There is a wide variety of options for key transfer systems:
- The key may release several other keys for different doors.
- They key may also be used to enable operation of a switch for safe shut-down of a machine section etc.
- The operating sequence can be controlled closely, and delays be integrated to allow machinery to come to a complete standstill before access.
- Electronic keys may be used, which are presence-sensed.
- Electronic keys may not switch the machine off completely, but enable some operating modes in the machine, while disabling others.
- Electronic keys may be assigned to staff with different qualifications and access right levels.
Emergency stop
Emergency stop is generally considered a selectable safeguarding measure, but it is not.
Emergency stop is a required additional function.
The Machinery Directive and Machinery Regulation both say:
“The emergency stop function must be available and operational at all times, regardless of the operating mode. Emergency stop devices must be a back-up to other safeguarding measures and not a substitute for them.” (MD Annex I/MR Annex 3 section 1.2.4.3)
The only exceptions are:
- The machine is hand-held and letting go of its control button will cause stop anyway.
- An emergency stop in a machine would not reduce the risk.
The stop categories
Emergency stop comes in two so-called “stop categories”:
- 0 – The emergency stop causes immediate disconnection of all drives of hazardous movements from their energy sources
- 1 – The emergency stop causes a controlled stand-still of the drive (usually by applying brakes). It may also trigger a function achieving safety. Once the desired condition is reached, all drives are disconnected from their energy sources
EN/IEC 60204-1 also describes a stop category 2, but it must not be used for emergency stop.
Emergency switching off
This term is not used very often. It refers to an emergency stop circuit with electromechanical components only.
Until the late 1980s all safety-related control functions were achieved by electromechanical switchgear. Today however, we are using all kinds of electronic and even microprocessor-controlled safety devices, often even controlled by software. Today however, we are using all kinds of electronic and even microprocessor controlled safety devices, often controlled by software.

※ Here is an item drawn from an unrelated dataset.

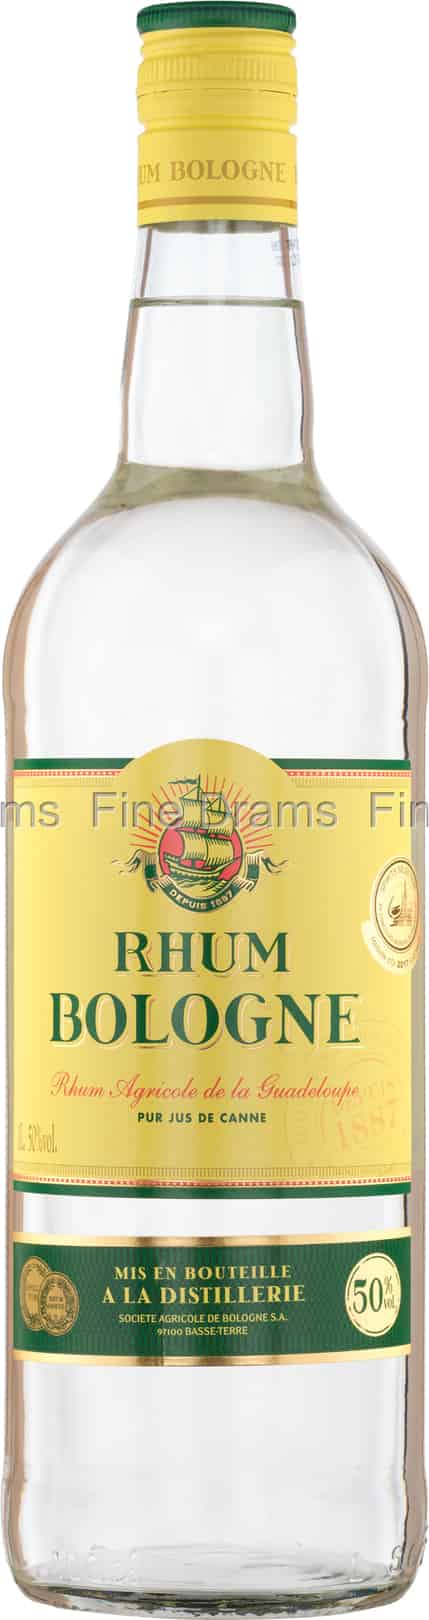 Rhum Agricole Guadeloupe Blanc 55° Distillerie Bologne - La Cave  Saint-Vincent

Emergency switching off is different from emergency stop in two ways:
- It is always in stop category 0
- It must use electromechanic equipment only (no electronics and software allowed)
Normally, the only emergency switching off device on machinery today is the main switch. If it is meant for use in case of emergency, then it must be red and yellow. A black or gray main switch must not be switched off in case of emergency as this could prevent braking of hazardous movements.
The international standard for emergency stop devices is (EN) ISO 13850.